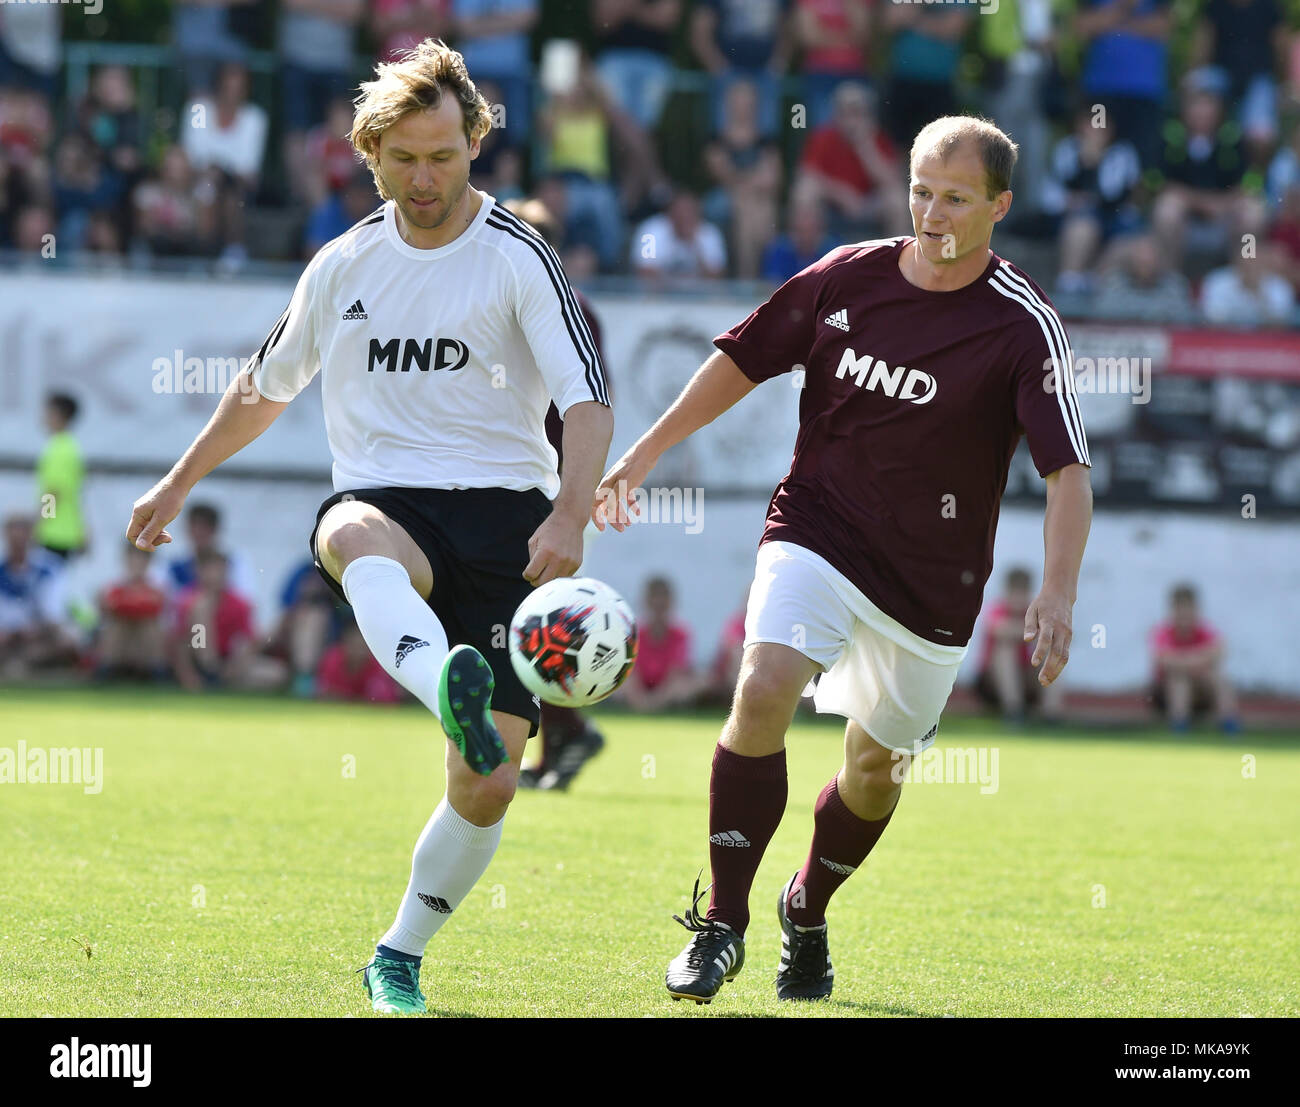 Hodonin, Czech Republic. 05th May, 2018. Former Czech soccer player Pavel Nedved, left, in action during the benefit match FK Hodonin vs second placed team of the European football championship 1996 prior to 100 years of Hodonin football events in Hodonin, Czech Republic, May 5, 2018. Credit: Dalibor Gluck/CTK Photo/Alamy Live News Stock Photo
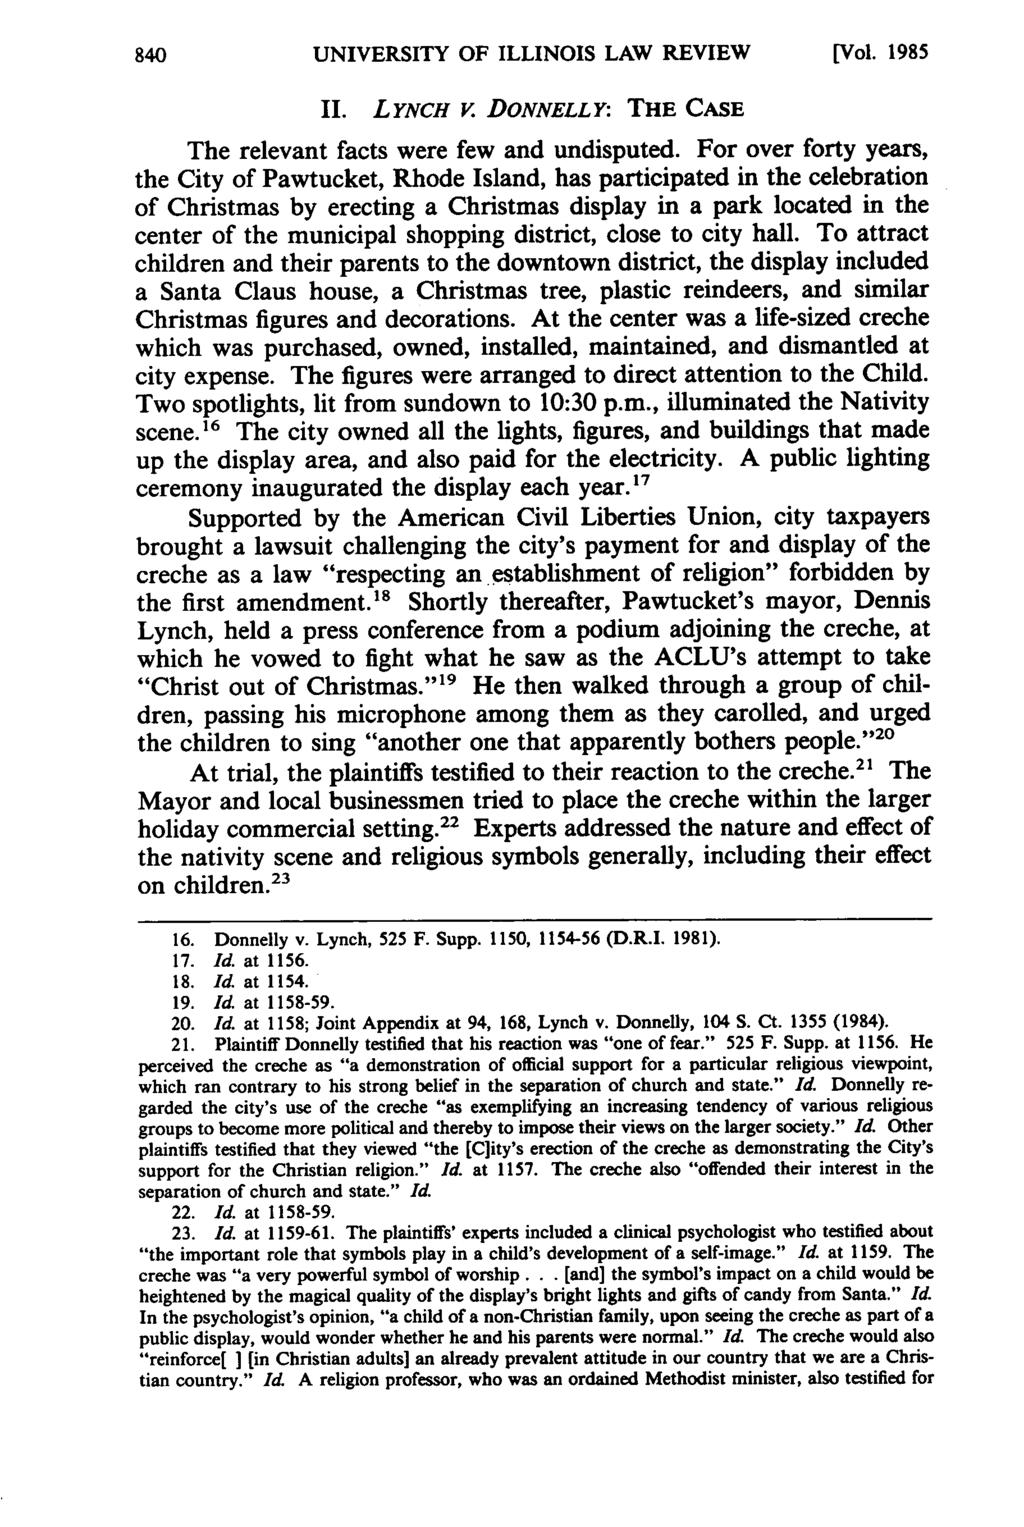 UNIVERSITY OF ILLINOIS LAW REVIEW [V/ol. 1985 II. LYNCH V. DONNELLY: THE CASE The relevant facts were few and undisputed.
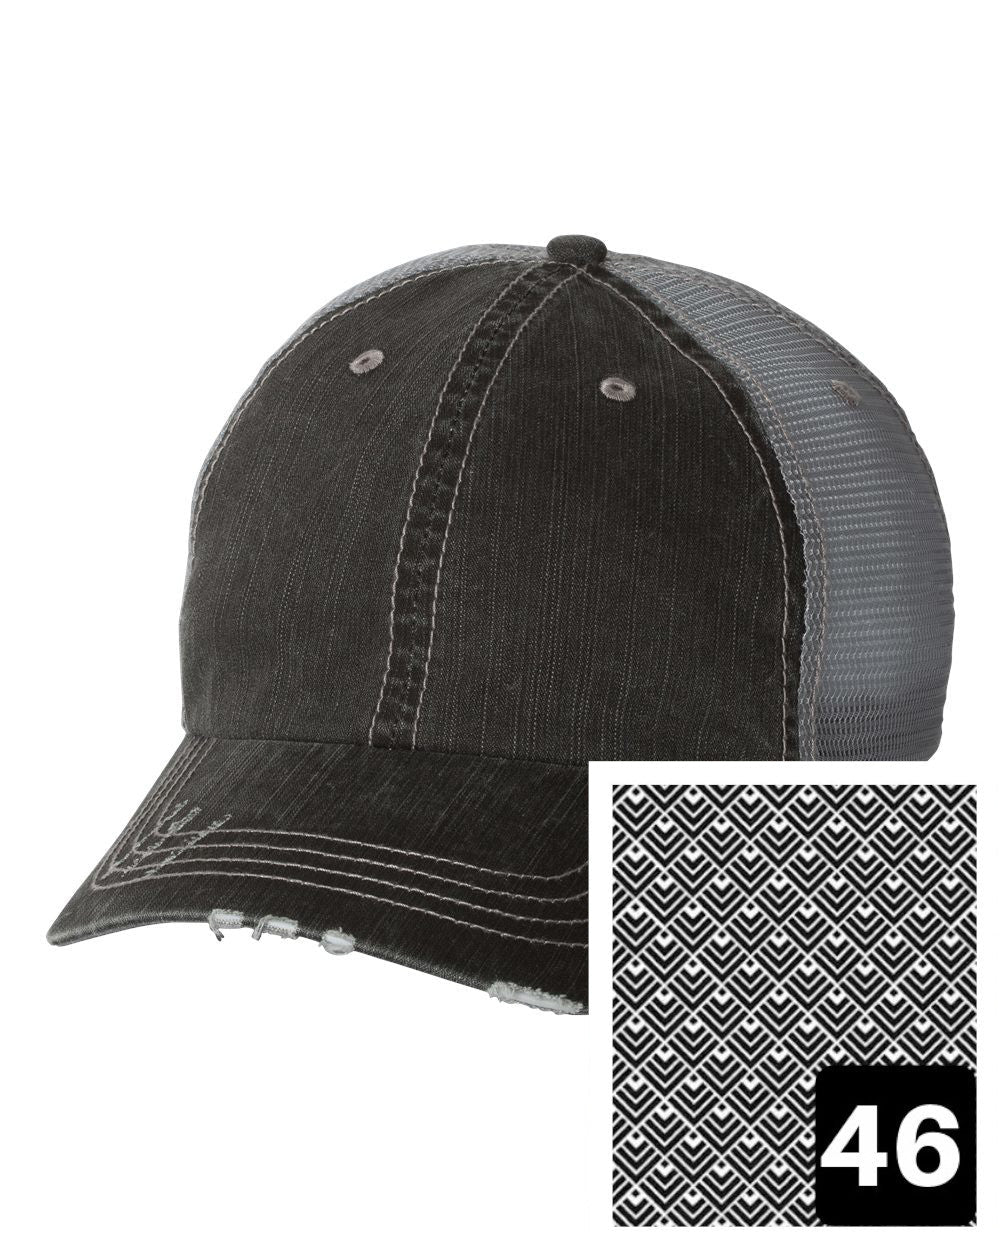 Alabama Hat - Gray Distressed Trucker Cap - Many Fabric Choices
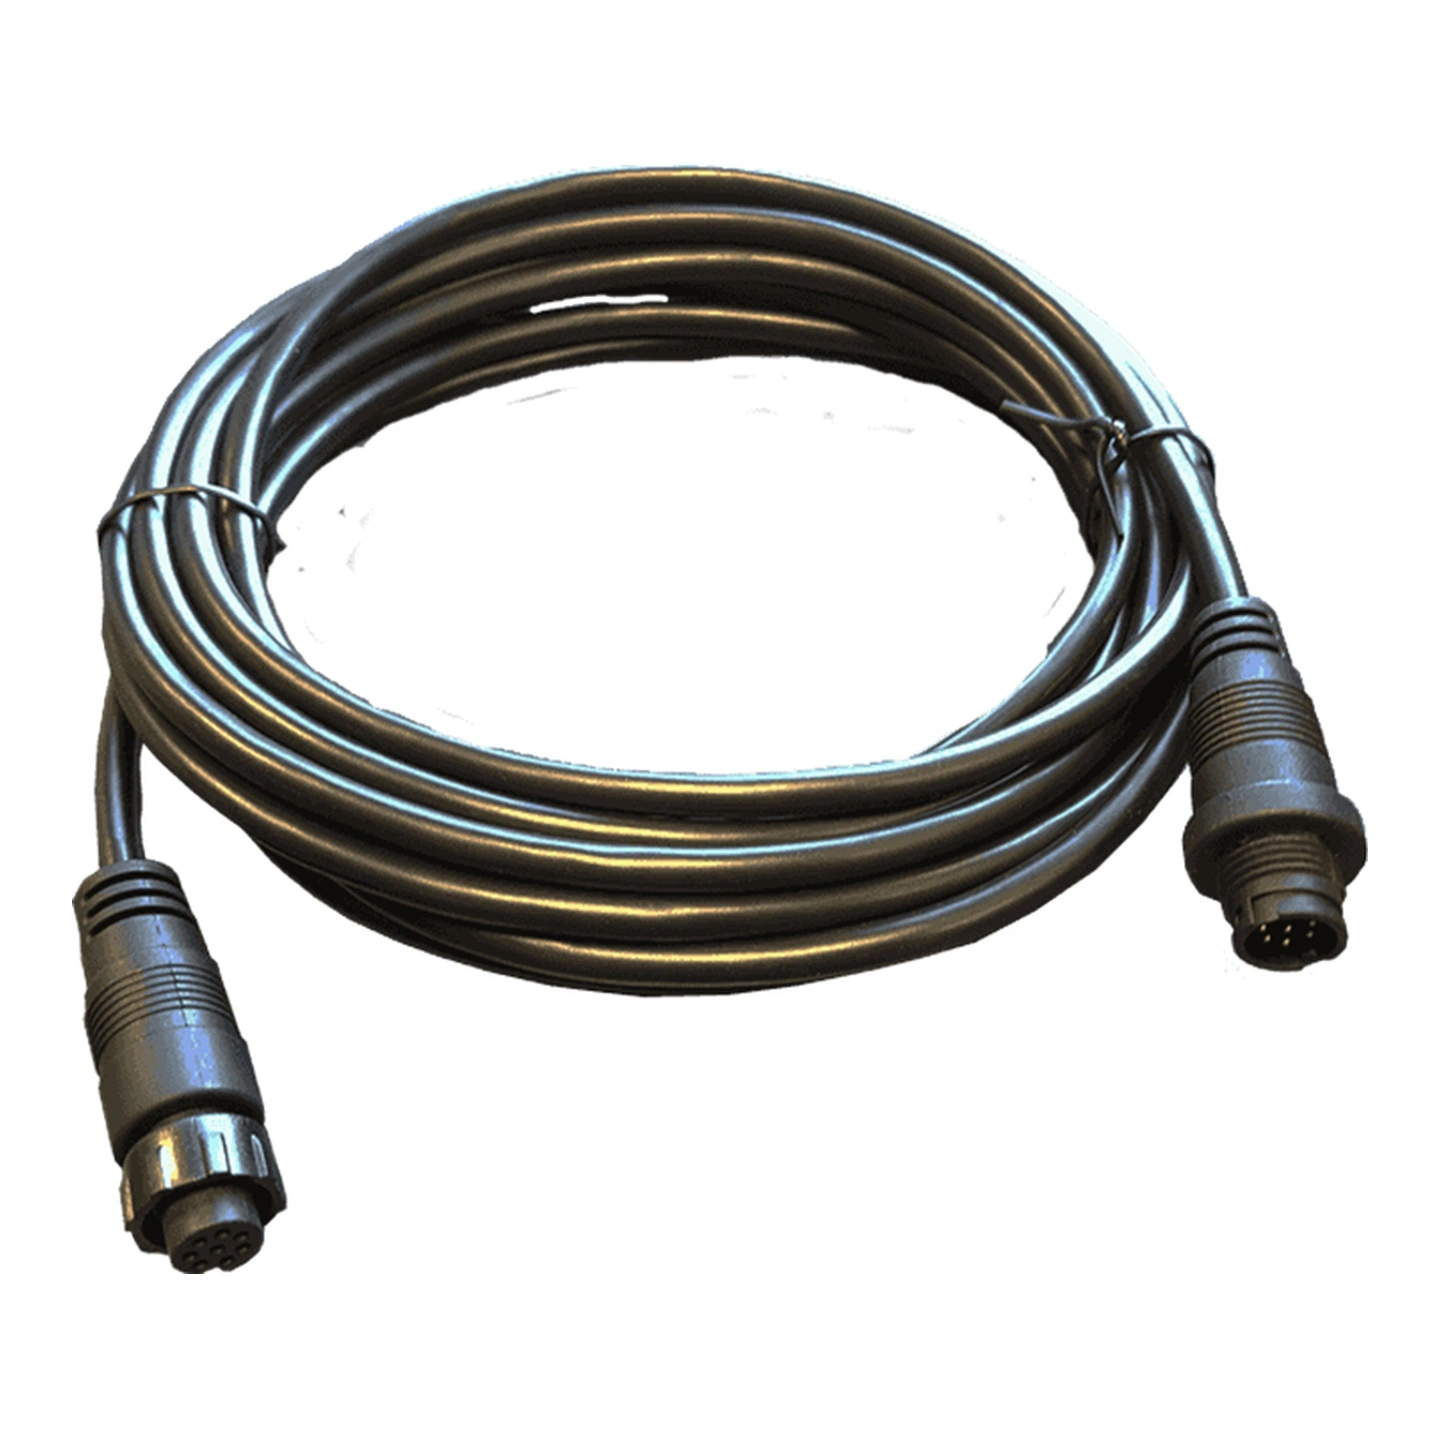 NAVICO VHF,FIST MIC EXT CABLE,5M

## WHAT THIS TASK INVOLVES
Locate "Alabama Hat - Gray" in the listing above, then print exactly the lines from that line through the final one, omitting all pictures.

## ANSWER TO THIS PROBLEM
 Alabama Hat - Gray Distressed Trucker Cap - Many Fabric Choices
 NAVICO VHF,FIST MIC EXT CABLE,5M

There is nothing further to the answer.